Por Mirko Lauer
Las teorías conspirativas no tienen prestigio académico, salvo entre los analistas estratégicos, para quienes ellas son el pan de cada día. Donde los civiles pueden ver un brote de líderes ambiciosos dedicados a calentar la plaza con ánimo electoral y con el ojo puesto en el viaje político a Lima, los militares pueden estar viendo una conspiración.
En el plano estrictamente político es público que los dirigentes de algunos de los conflictos más sonados aspiran a formar una coalición capaz de confrontar al gobierno central, y hasta de jaquearlo. A la boliviana o la ecuatoriana, digamos. Lo que no hay más bien es coincidencia respecto de quién lideraría ese hipotético impulso.

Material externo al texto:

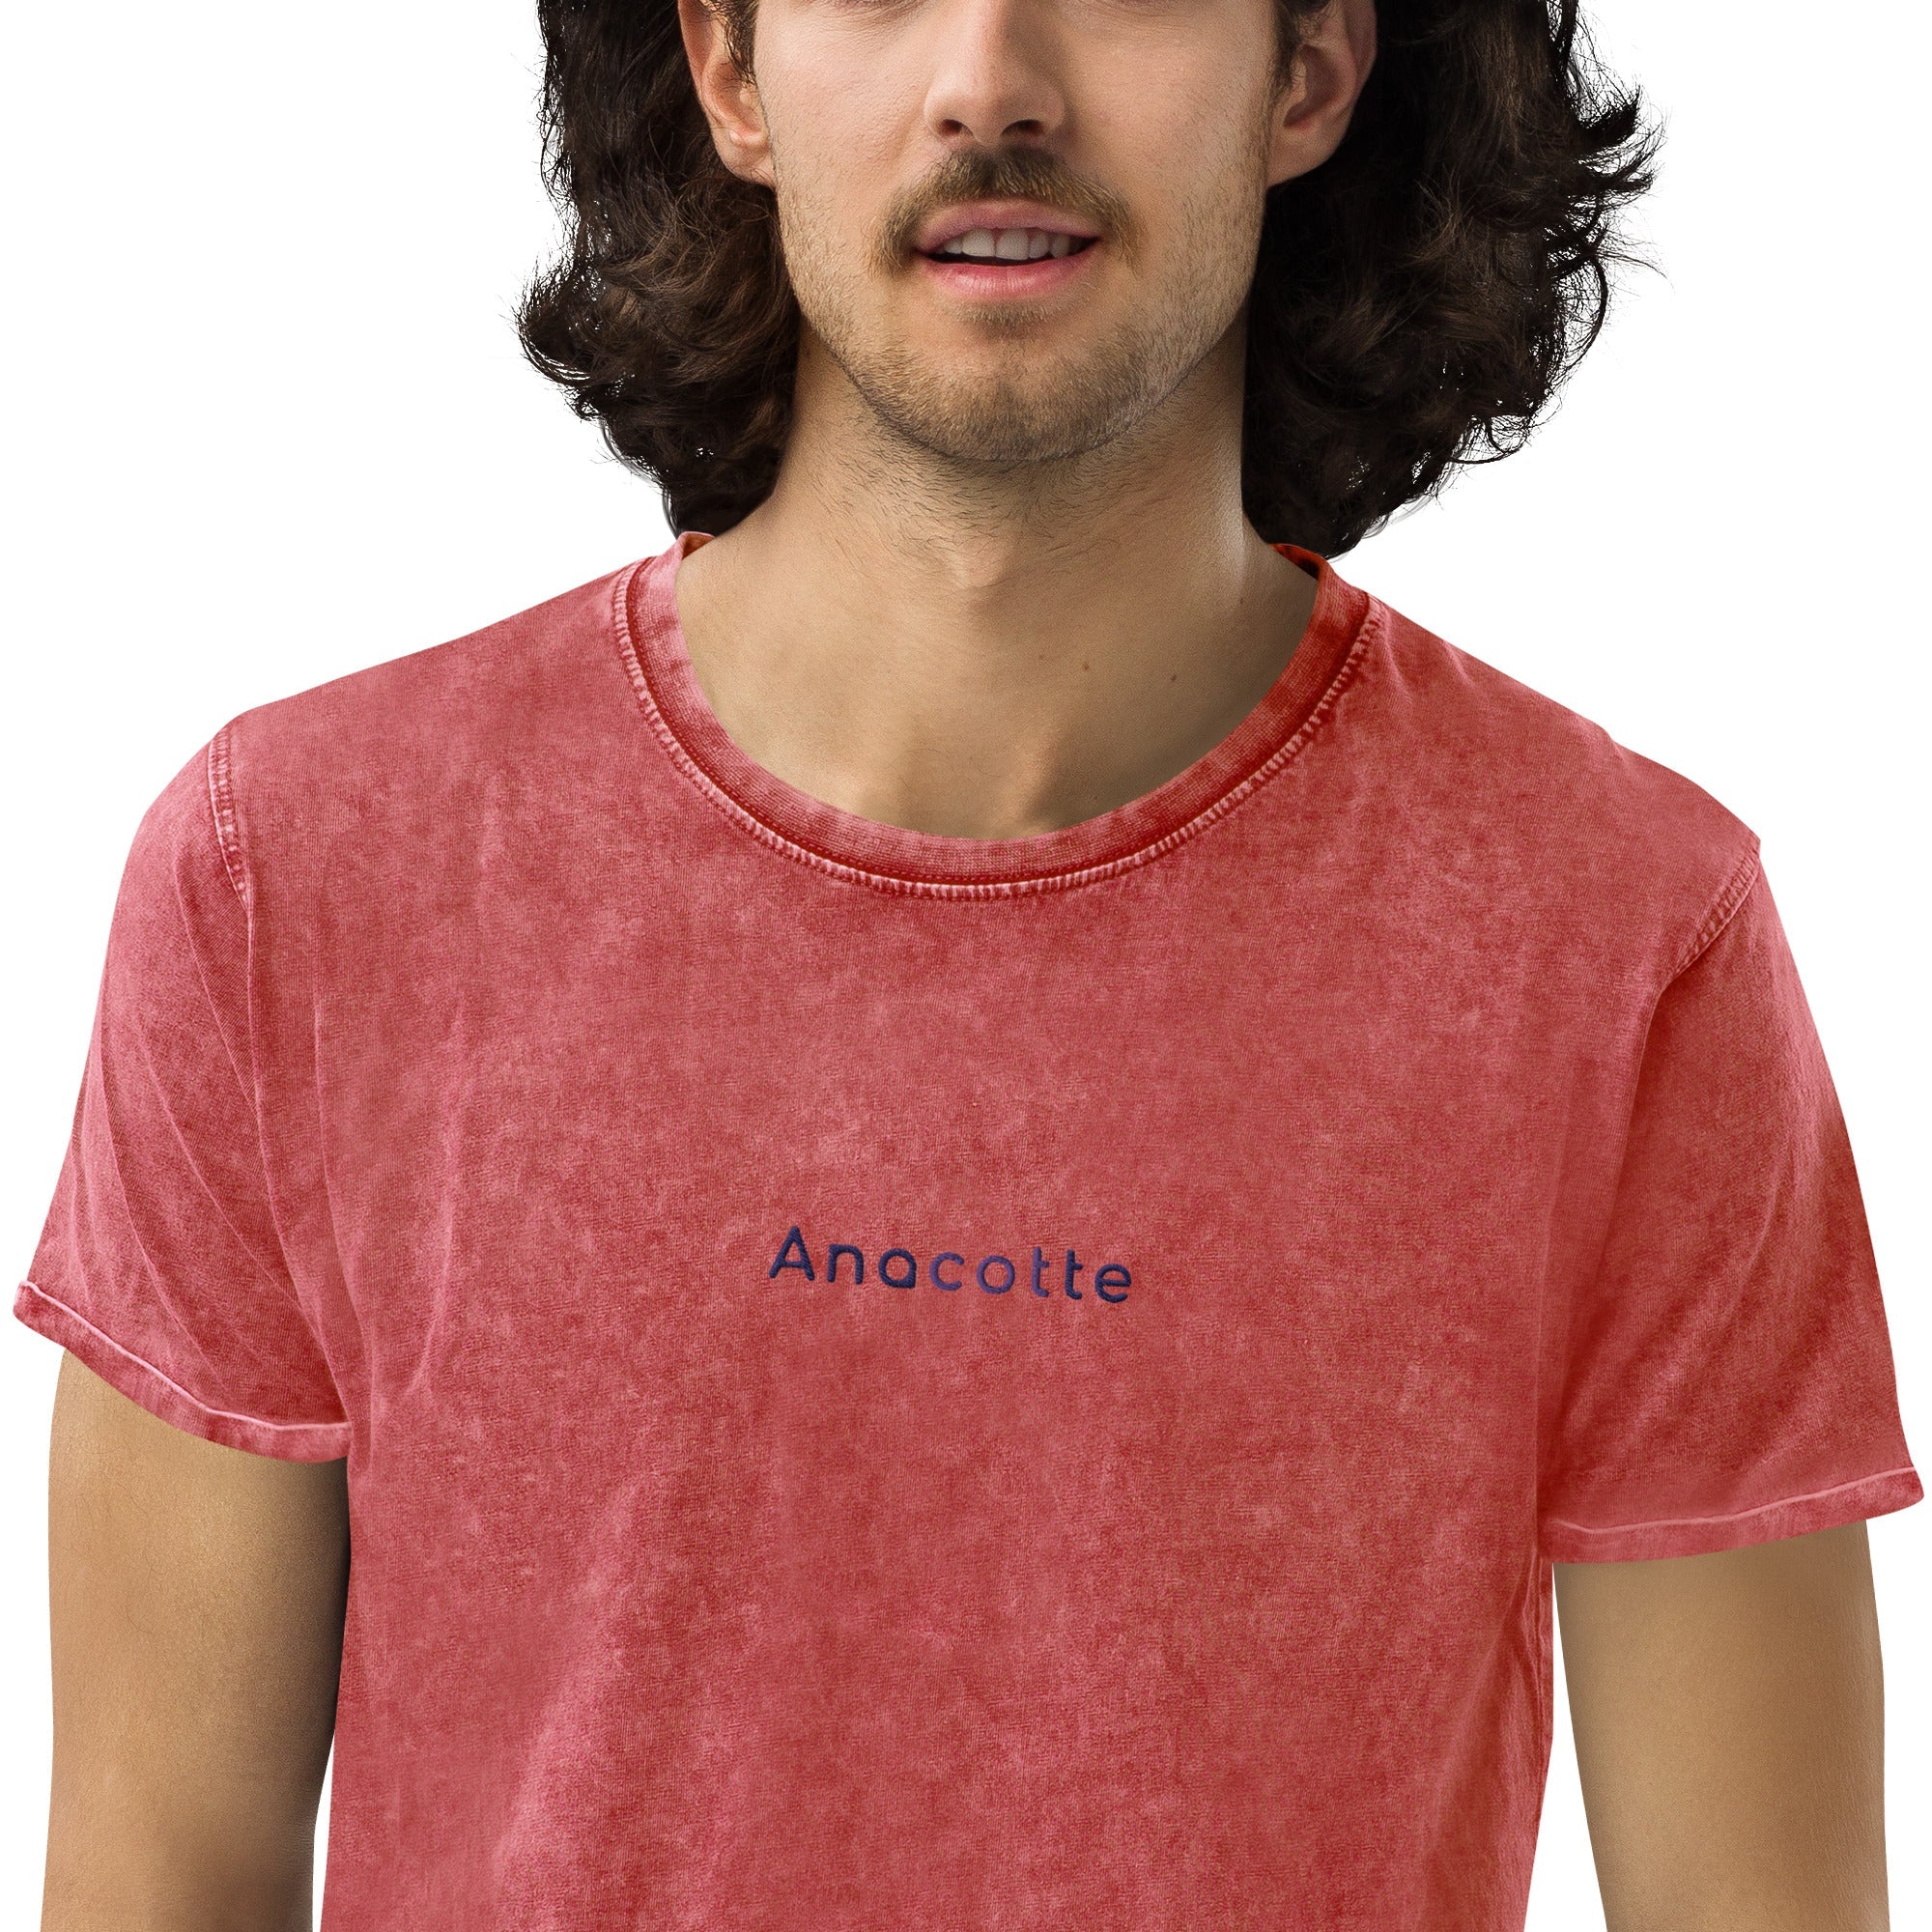 Anacotte Unisex Denim T-Shirt Anacotte

Las teorías conspirativas más bien consideran que existe una estrategia con capacidad de articular entre sí a las acciones de la protesta en el Perú actual, en virtud de un objetivo que las supera a todas. En un caso así es realmente de guerra que se está hablando, bajo alguna de sus formas de baja intensidad.
¿Quién es el cerebro? En el mundo de la conspiración los sospechosos siempre son múltiples y articulados, aunque no todos con el mismo objetivo. Entre ellos: el narcotráfico & SL, intereses extractivos del exterior (Chile), las ONG, el chavismo, Patria Roja, Evo Morales (en el sur andino), la lista sigue y se ramifica.
Si bien es cierto que no hay pruebas que sustenten la existencia de una conspiración, es evidente que la percepción pública de los conflictos, una experiencia acumulativa cada vez mejor planificada, ha venido cambiando desde hace unos años. Hoy pensar en un arco que va de Puno a Cajamarca no es algo insólito.
Se precisa una nueva teoría de los conflictos, capaz de dar alguna explicación útil a lo que viene sucediendo. Fernando Rospigliosi sostiene que no es sino el aprovechamiento silvestre de la falta de autoridad del Estado. La hipótesis es rotunda, pero algo sencilla para un asunto territorial que se viene complicando a tanta velocidad.